---------- Source material ----------
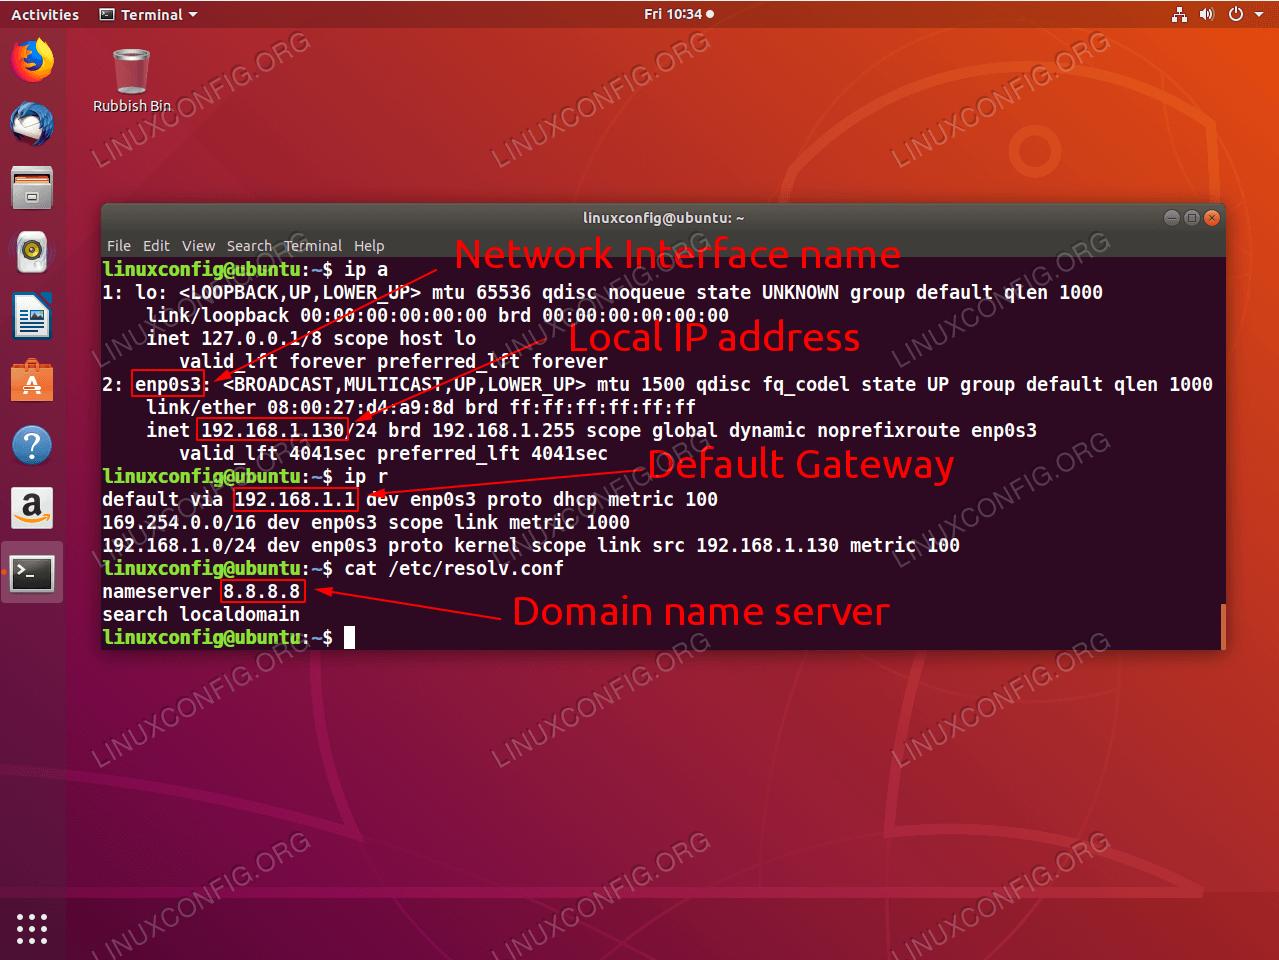 Linux-Befehle zum Abrufen der grundlegenden Informationen zur Netzwerkkonfiguration.
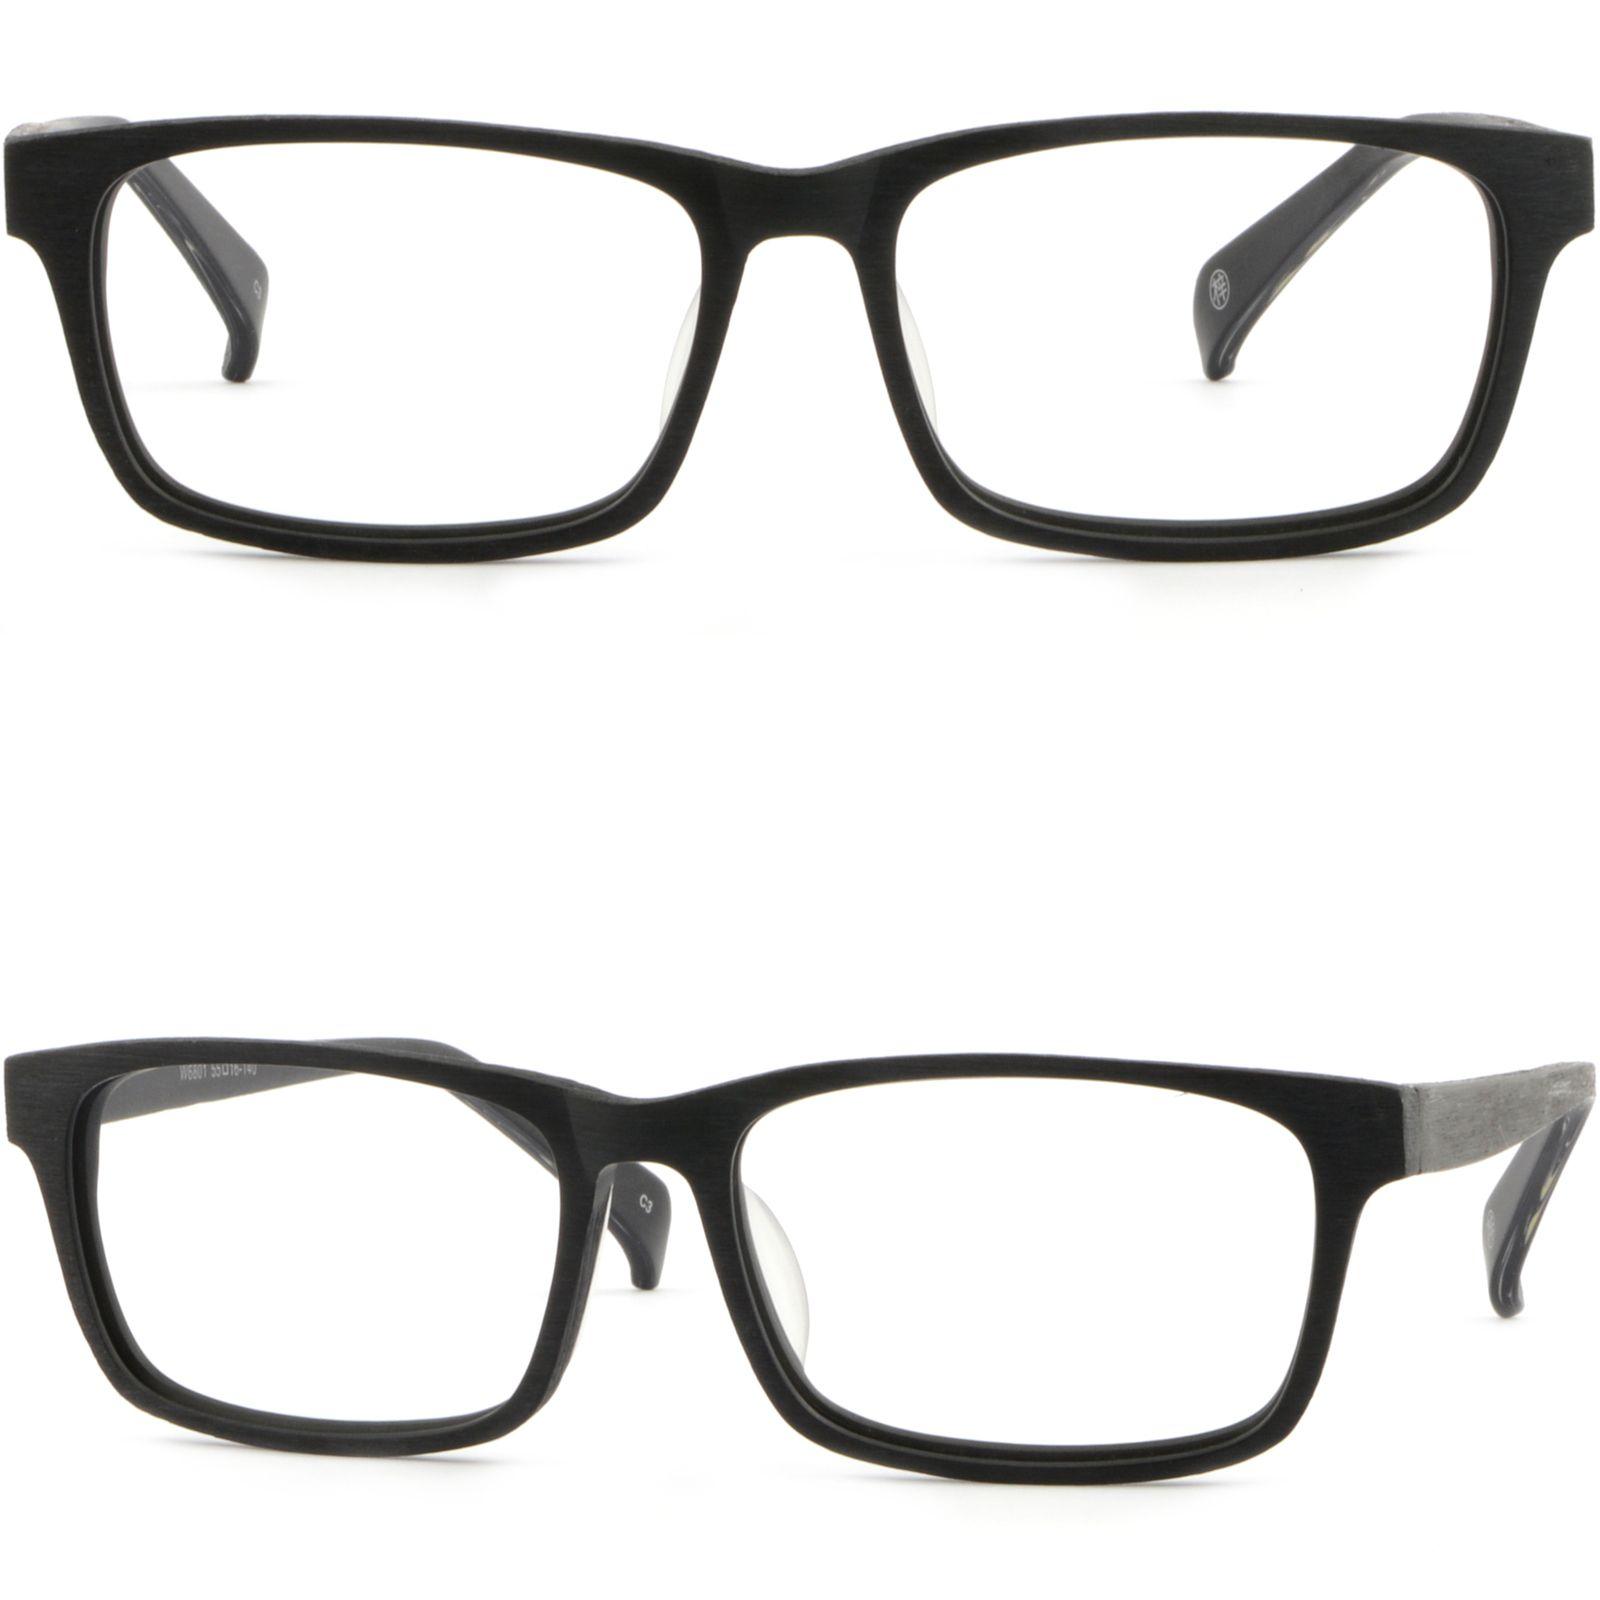 e02c0cfbdd Rectangular Men Women Wood Grain Brushed Acetate Plastic Frames RX Glasses  Black Buy Frames Designer Eyeglasses Frames From Aceglasses
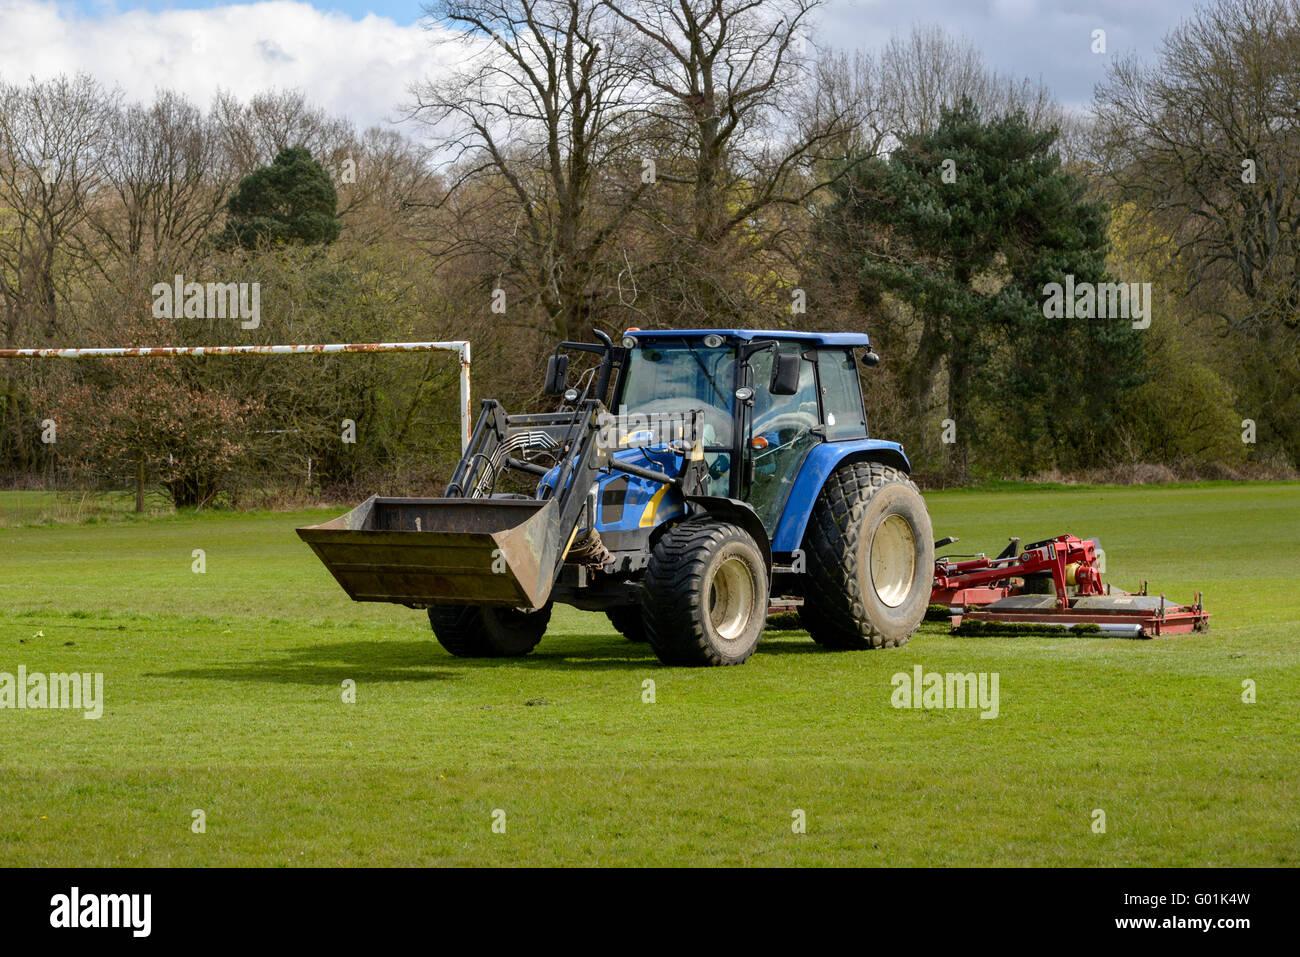 Traktor Rasenmahen Auf Einem Fussballplatz In Einem
----------
Work order >> Since the pictures are not wanted, transcribe only the rest of the material above, exactly as it stands.

Reply to the task >>
 Linux-Befehle zum Abrufen der grundlegenden Informationen zur Netzwerkkonfiguration.
 e02c0cfbdd Rectangular Men Women Wood Grain Brushed Acetate Plastic Frames RX Glasses  Black Buy Frames Designer Eyeglasses Frames From Aceglasses
 Traktor Rasenmahen Auf Einem Fussballplatz In Einem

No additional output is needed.